→ **What this task involves**: Starting from the line that holds "Łóżka używane różne", output exactly each line through the end of the listing. Do not copy pictures.

→ **Dataset content**:
________________________
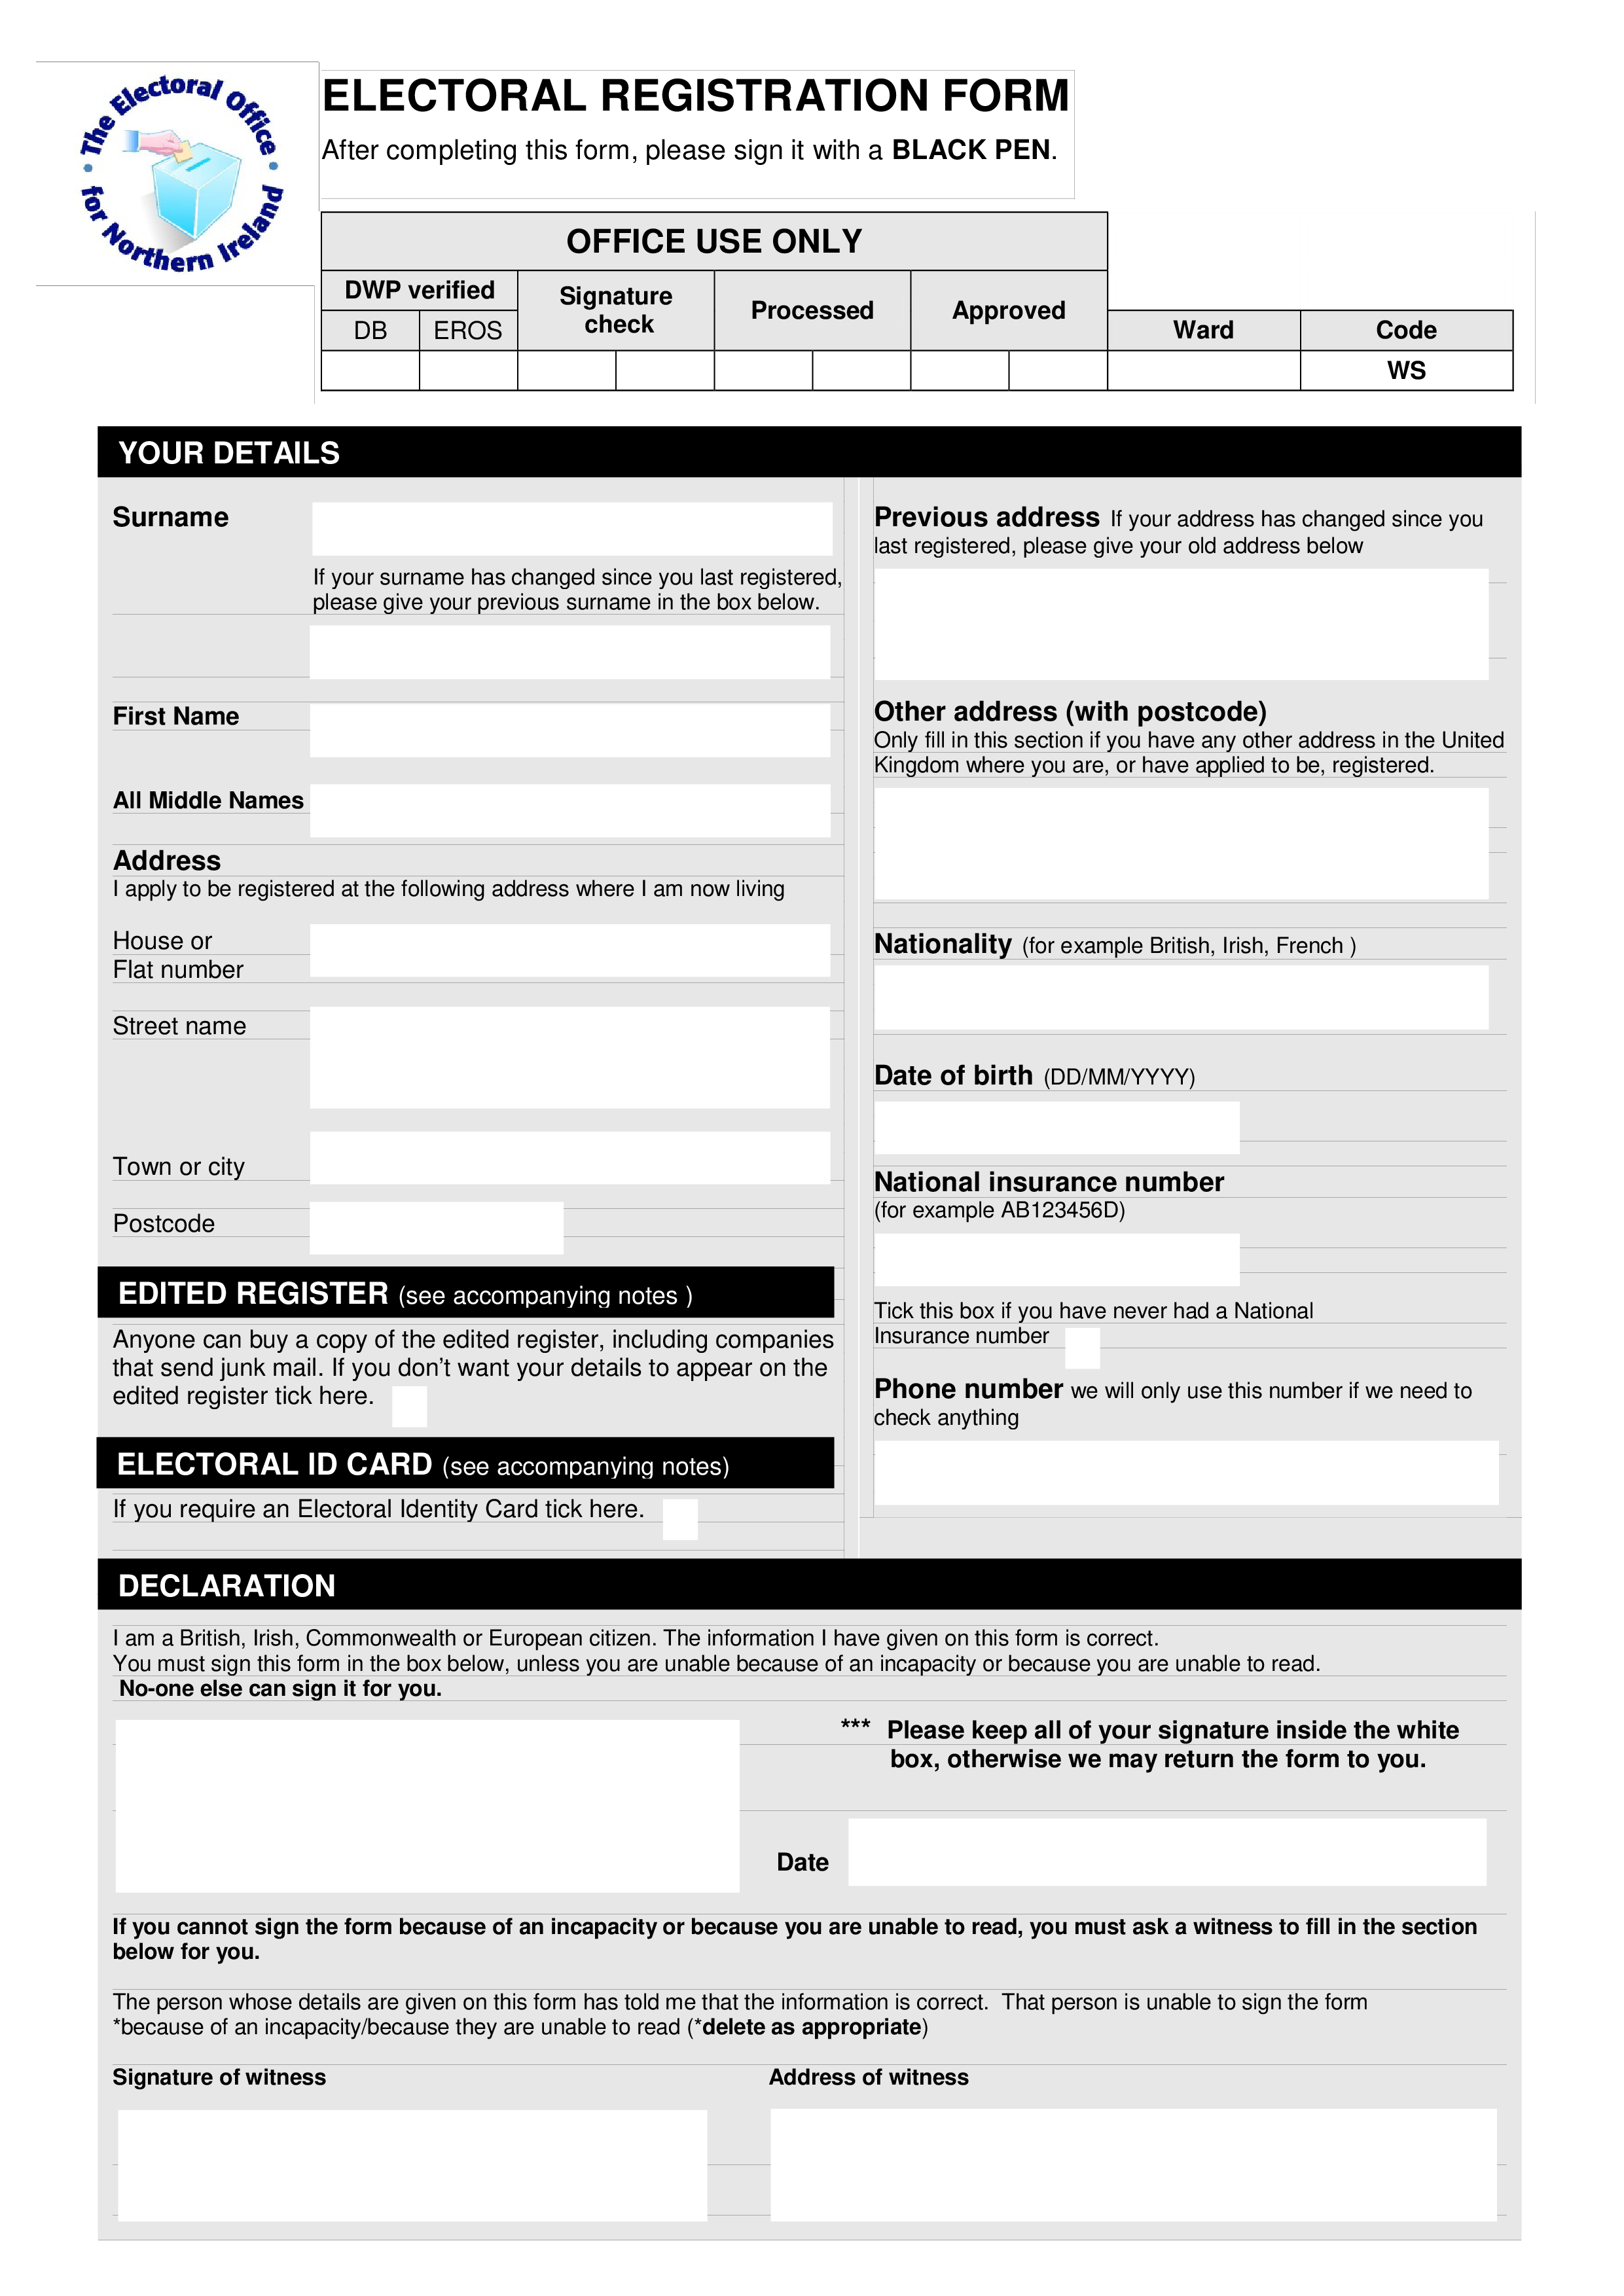 Electoral Registration Form Printable main image
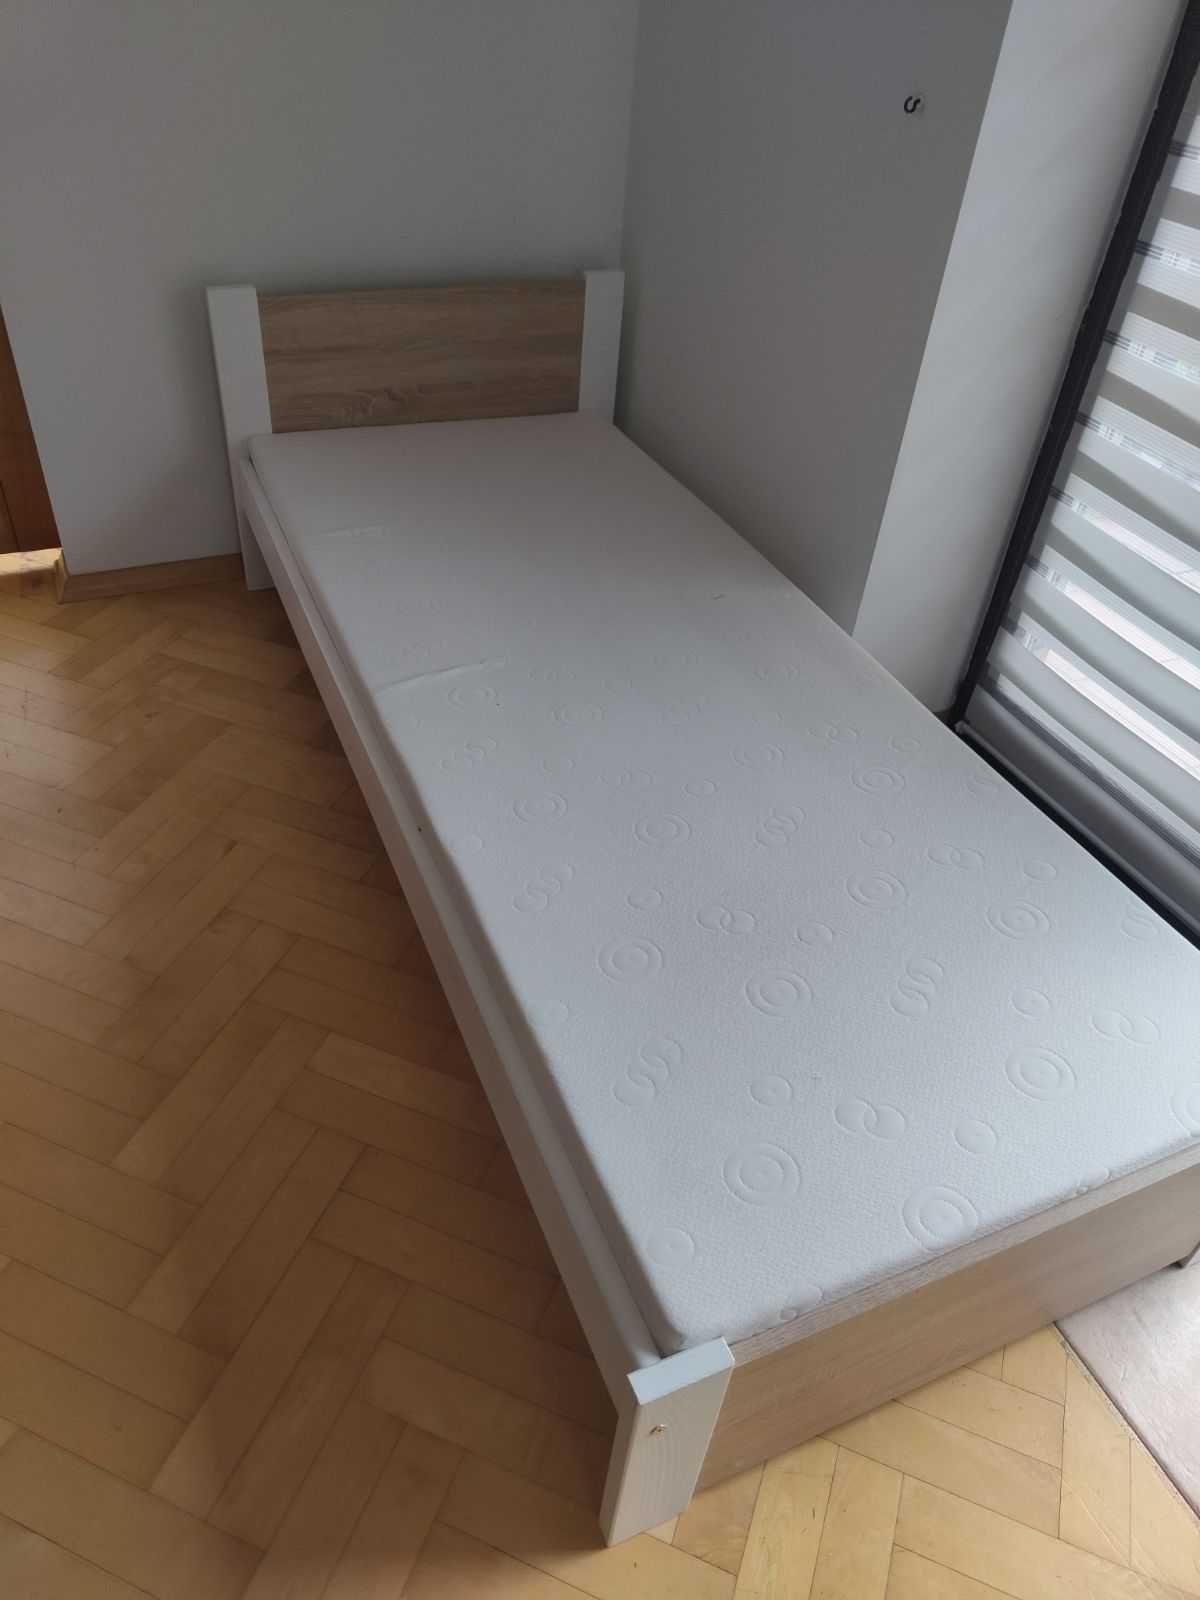 Łóżka używane różne
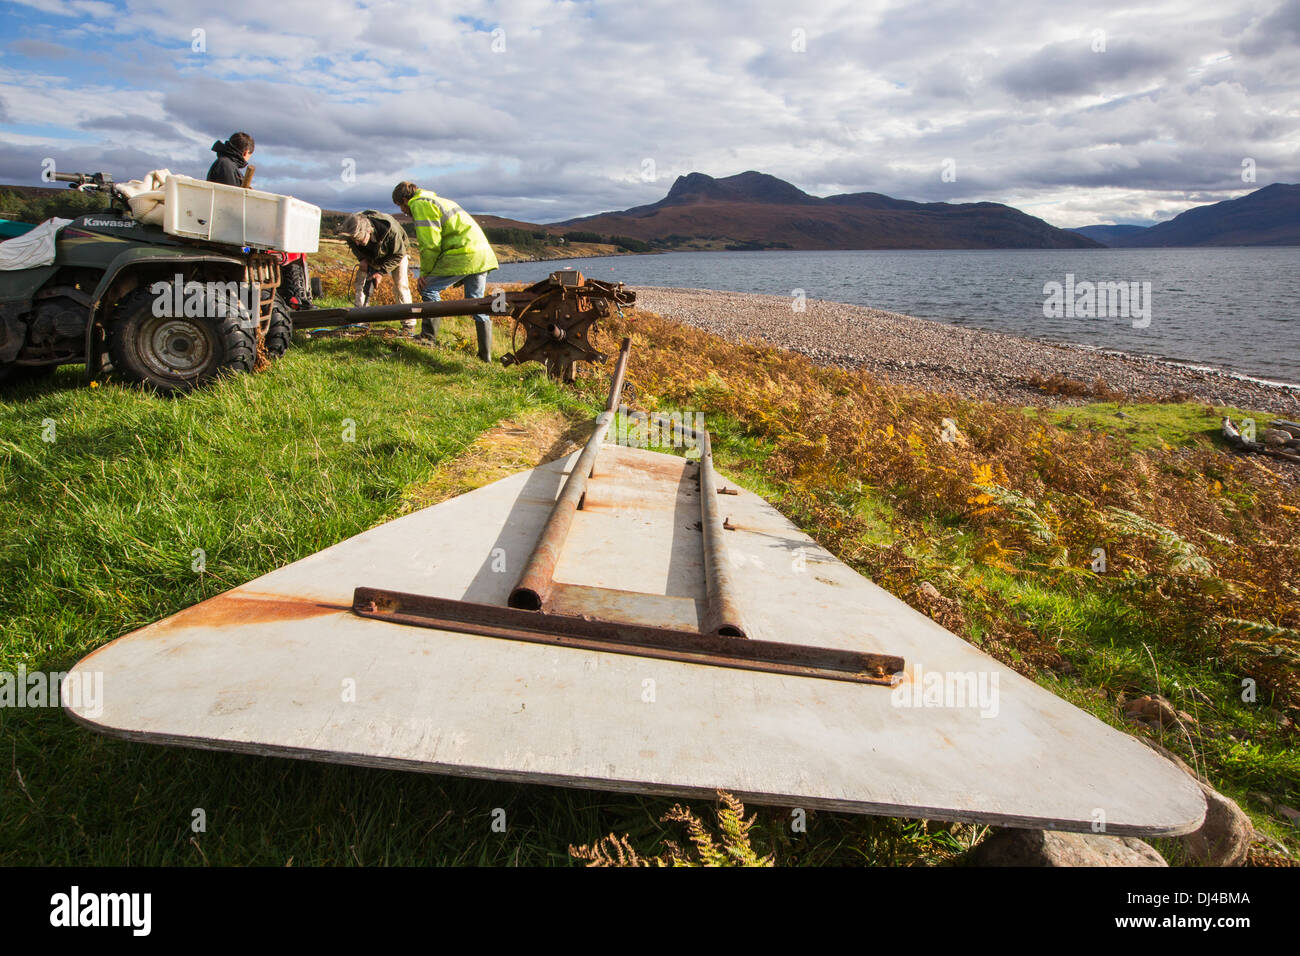 Hugh Piggott doing maintenance on his home made wind turbines in Scoraig, in NW Scotland, a remote off grid, communitiy, UK Stock Photo
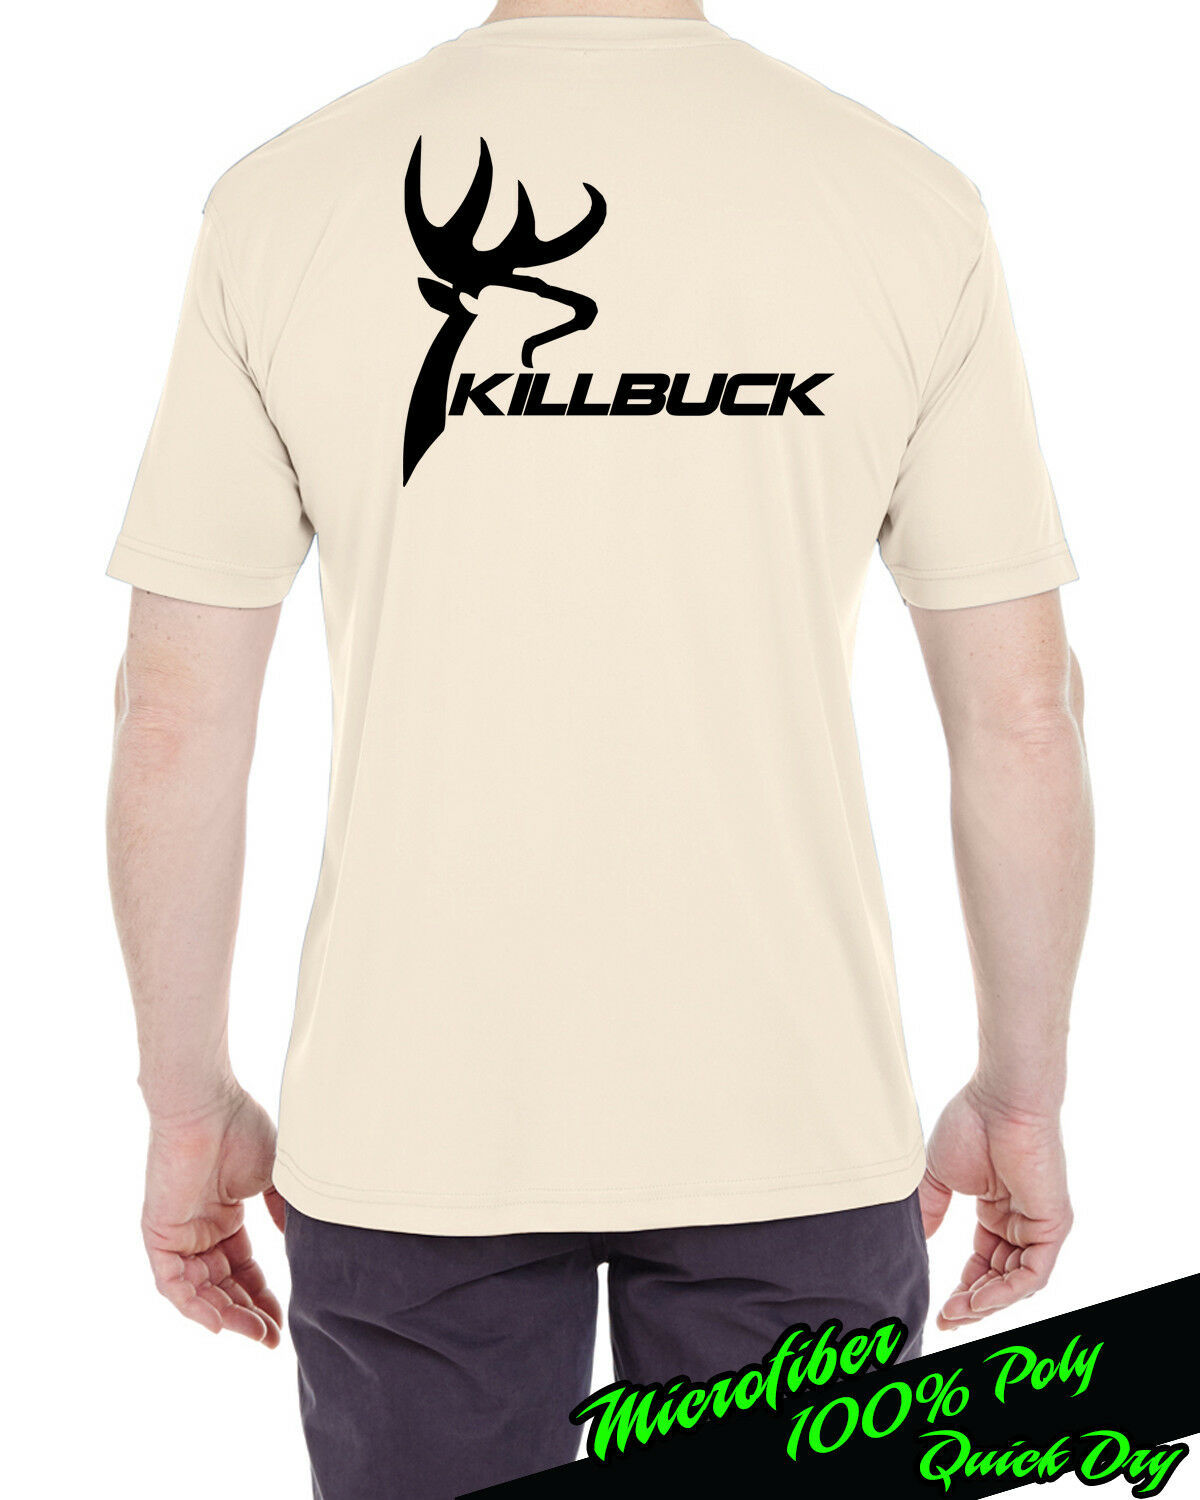 Killbuck Bowhunting bowhunter Microfiber Performance T-shirt buck Buck deer
________________________
→ **Response**:
 Łóżka używane różne
 Hugh Piggott doing maintenance on his home made wind turbines in Scoraig, in NW Scotland, a remote off grid, communitiy, UK Stock Photo
 Killbuck Bowhunting bowhunter Microfiber Performance T-shirt buck Buck deer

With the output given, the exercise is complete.